The Power to Read and Cipher Intelligently

“(4) I felt some concern lest at Tuskegee the manual labor side had an excessive development as compared with the mental labor side, or in other words, lest industrial training should unduly impair academic training. Is it not important the graduates of Tuskegee should have acquired not only a trade or an art, but the power to read and cipher intelligently, and a taste for reading? Otherwise the isolated negro farmer or mechanic will not prove to be capable of progress. The world changes so fast nowadays that the man or woman who does not read will be left behind, no what the calling. The academic side of Tuskegee ought there to give all its graduates a competent mental equipment and especially to implant the purpose to improve continually.”-“From Charles W. Elliott to Booker T. Washington,” September 7, 1906

Os Guinness poses the following rhetorical query in his (2022) _The Great Quest: Invitation to the Examined Life and a Sure Path to Meaning_: “Do you agree with Bertrand Russell’s famous dictum that “what science cannot discover, man cannot know”?

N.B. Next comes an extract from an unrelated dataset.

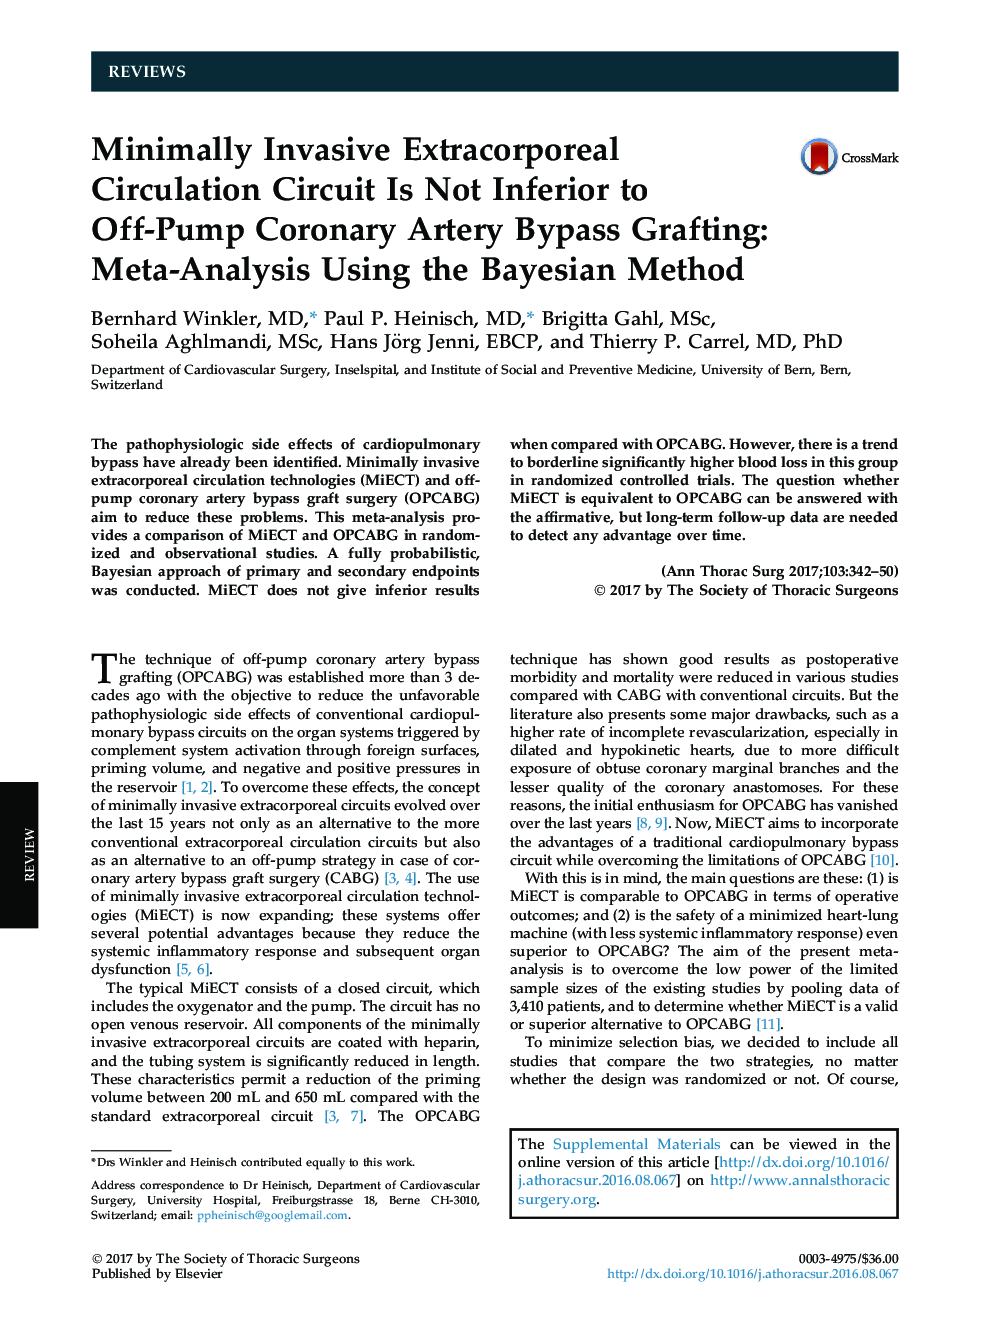 Minimally Invasive Extracorporeal Circulation Circuit Is Not Inferior to Off-Pump Coronary Artery Bypass Grafting: Meta-Analysis Using the Bayesian Method

Upon Booker T. Washington’s invitation to visit the Tuskegee Institute campus and offer his assessment of the institution, Charles W. Elliot, President of Harvard University, who served for a record-setting 40 years, offered this 4th suggestion amongst five additional ones on how the institution might continuously make improvement beyond its tremendous successes under the administration of Booker T. Washington. (While Elliott and Harvard had honored Booker T. Washington with an honorary degree in 1896, it does not appear that Mr. Washington was present during the visit but he did respond in a letter dated October 20, 1906. A forthcoming commentary will discuss Washington’s response.) Notwithstanding his other recommendations to Washington and Washington’s response, Elliott’s present recommendation is one whereby modern American colleges and institutions have been confronted with: The neglect of the liberal arts.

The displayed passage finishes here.